# Rubber smell with new air pump



## randy (Jan 29, 2012)

I just purchased a new 18w air pump that's capable of 40 outlets (planning to use about 20). When I turned it on it give a faint of rubber smell sort of like new tire smell. I've been running it without connecting to anything for 3 days, it got a bit better but I can still smell it (could be the leftover in the room). Is that a concern for shrimps? Anyone with experience?


----------



## matti2uude (Jan 10, 2009)

What kind of pump is it? I'm guessing a diaphram pump because of the rubber smell. Maybe open it up and make sure the diaphram isn't rubbing against anything or take it back to the store.


----------



## randy (Jan 29, 2012)

It's this one

It says cylinder and piston.


----------



## Jackson (Jan 30, 2009)

The air usually smells odd out of them but not like rubber.
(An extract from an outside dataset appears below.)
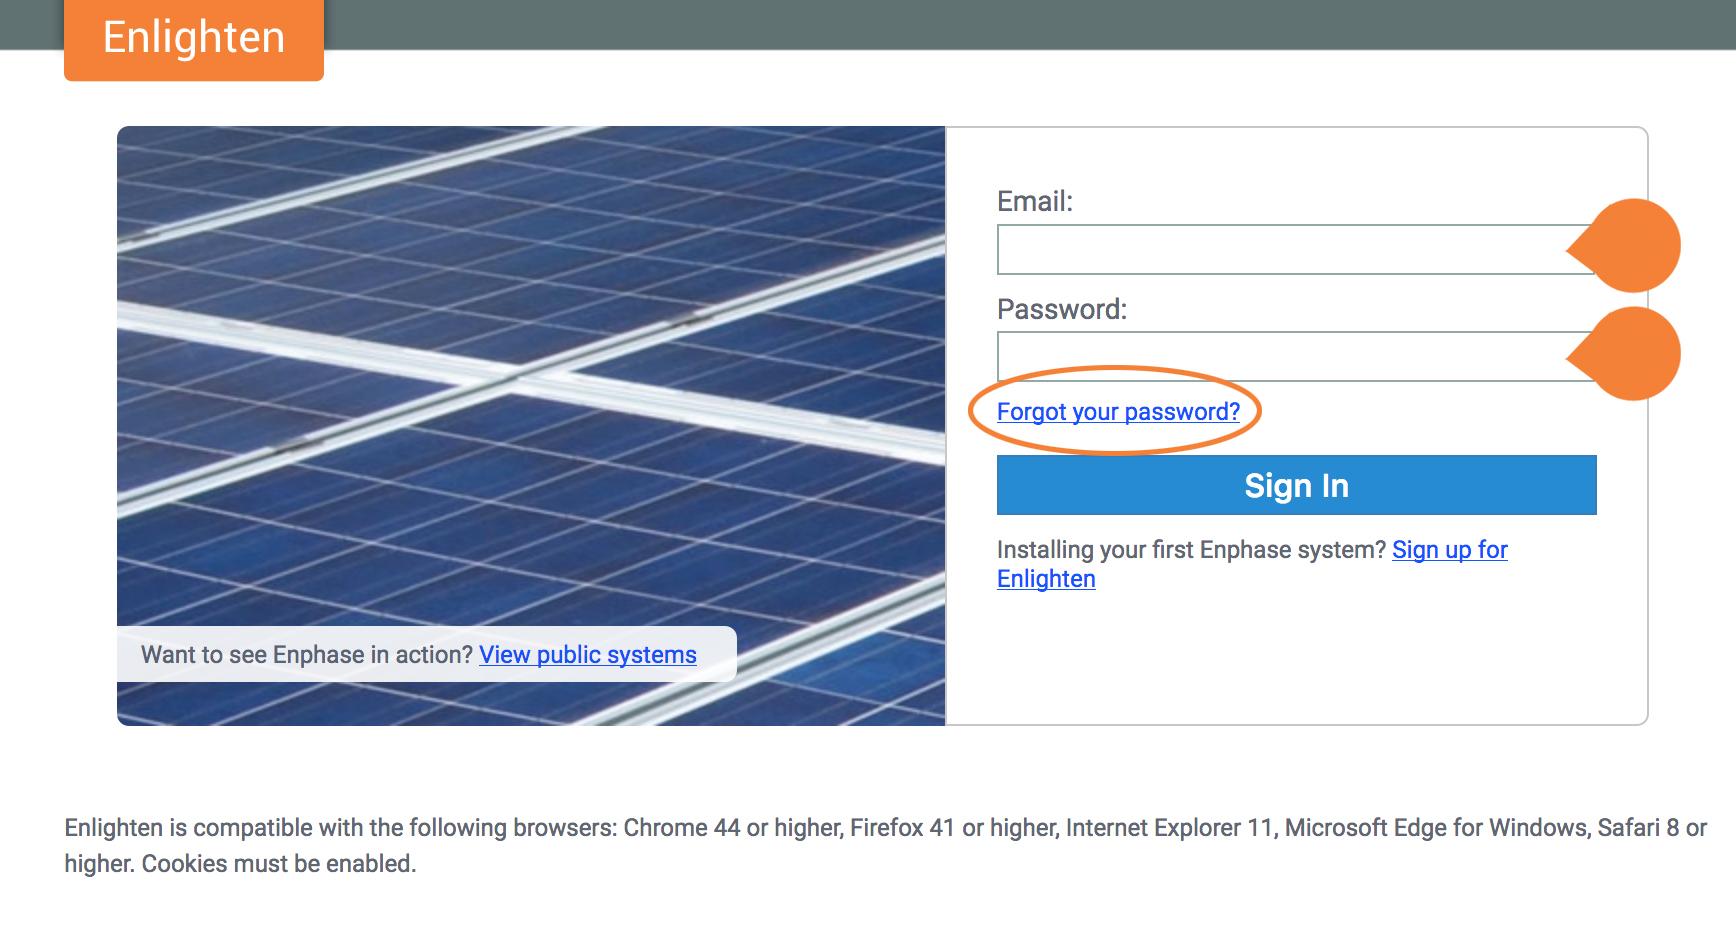 Enlighten Login page on enlighten.enphaseenergy.com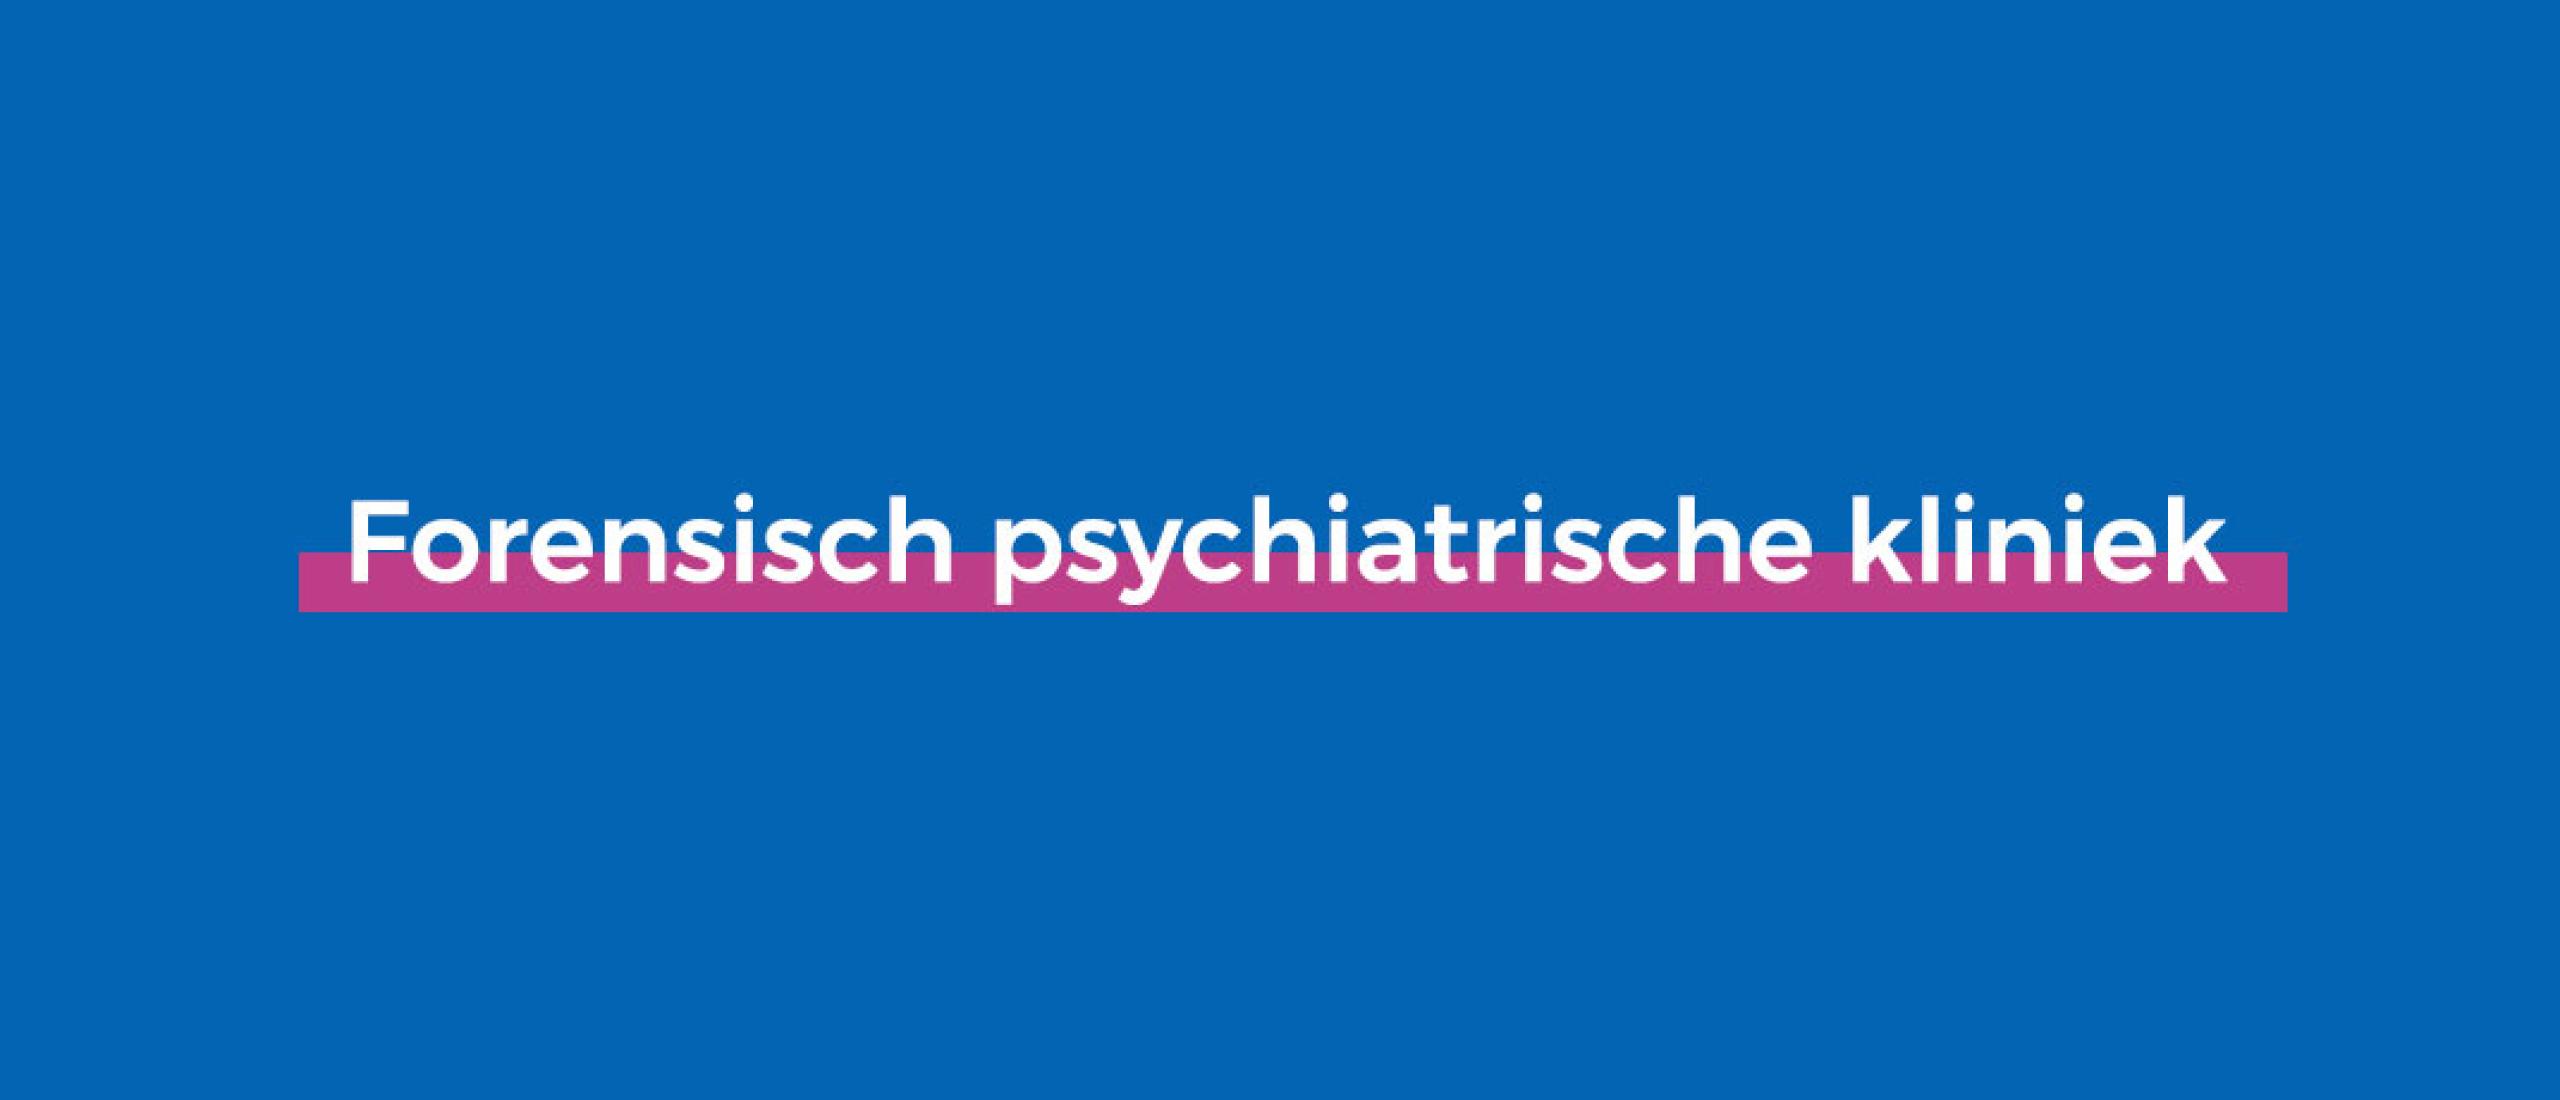 forensisch psychiatrische kliniek

Is that where you bought it from?


----------



## randy (Jan 29, 2012)

I bought it from amazon dot com, not from that site. Maybe it's not rubber smell, could be the smell of oil/grease? The new stuff smell ;-) I'll let it run for another day and connect it and see what happens..... if it kills my shrimps I'll be doomed.


----------



## Jackson (Jan 30, 2009)

Like new car smell 

Test it out on a few cheaper ones if you have any and see what happens.


----------



## randy (Jan 29, 2012)

Jackson said:


> Like new car smell
> 
> Test it out on a few cheaper ones if you have any and see what happens.


Hmm.... a tank with 200+ FPRs, or one of the 3 tanks with 20 to 100 crystal reds or the other one with 30 TBs? or the 40G with chocolate, super blue velvet (probably the first ones in North America), and OEBTs and BTOEs.... Hard to choose ;-)


----------



## Jackson (Jan 30, 2009)

Well you don't have any lol so that's out 

What about a bucket and a few to test it out like ghost shrimp. Would ghost shrimp be as sensitive as the rest you mentioned? Or maybe a few cheap cherry shrimp?


----------



## randy (Jan 29, 2012)

Thanks for the suggestion, I'll try it on an empty tank and drop a few PFRs in there to see.


----------



## Jackson (Jan 30, 2009)

Your welcome 

I hope it's just a smell and nothing more.
Most likely is but its better to be safe then sorry


----------



## camboy012406 (Jun 11, 2010)

randy said:


> Hmm.... a tank with 200+ FPRs, or one of the 3 tanks with 20 to 100 crystal reds or the other one with 30 TBs? or the 40G with chocolate, super blue velvet (probably the first ones in North America), and OEBTs and BTOEs.... Hard to choose ;-)


wow so many shrimps you got there can you take pics of your setups


----------



## bob123 (Dec 31, 2009)

Check with your local fish store ask for an air line filter, some stores have them. They are filled with carbon and remove odours from the air as air is pumped through it. I used one on my AP-100 pump when it was new.


----------



## randy (Jan 29, 2012)

Thanks Bob, I don't mind the smell as long as it does no harm to the shrimps. It got much better last night so I connect it to two tanks to see what happens.

Camboy, I will when they are all settled to their own tanks. Been shuffling them, selling some, giving away some etc. Still not enough tanks. I hate it that utilities are so costly in Canada to support more tanks.


----------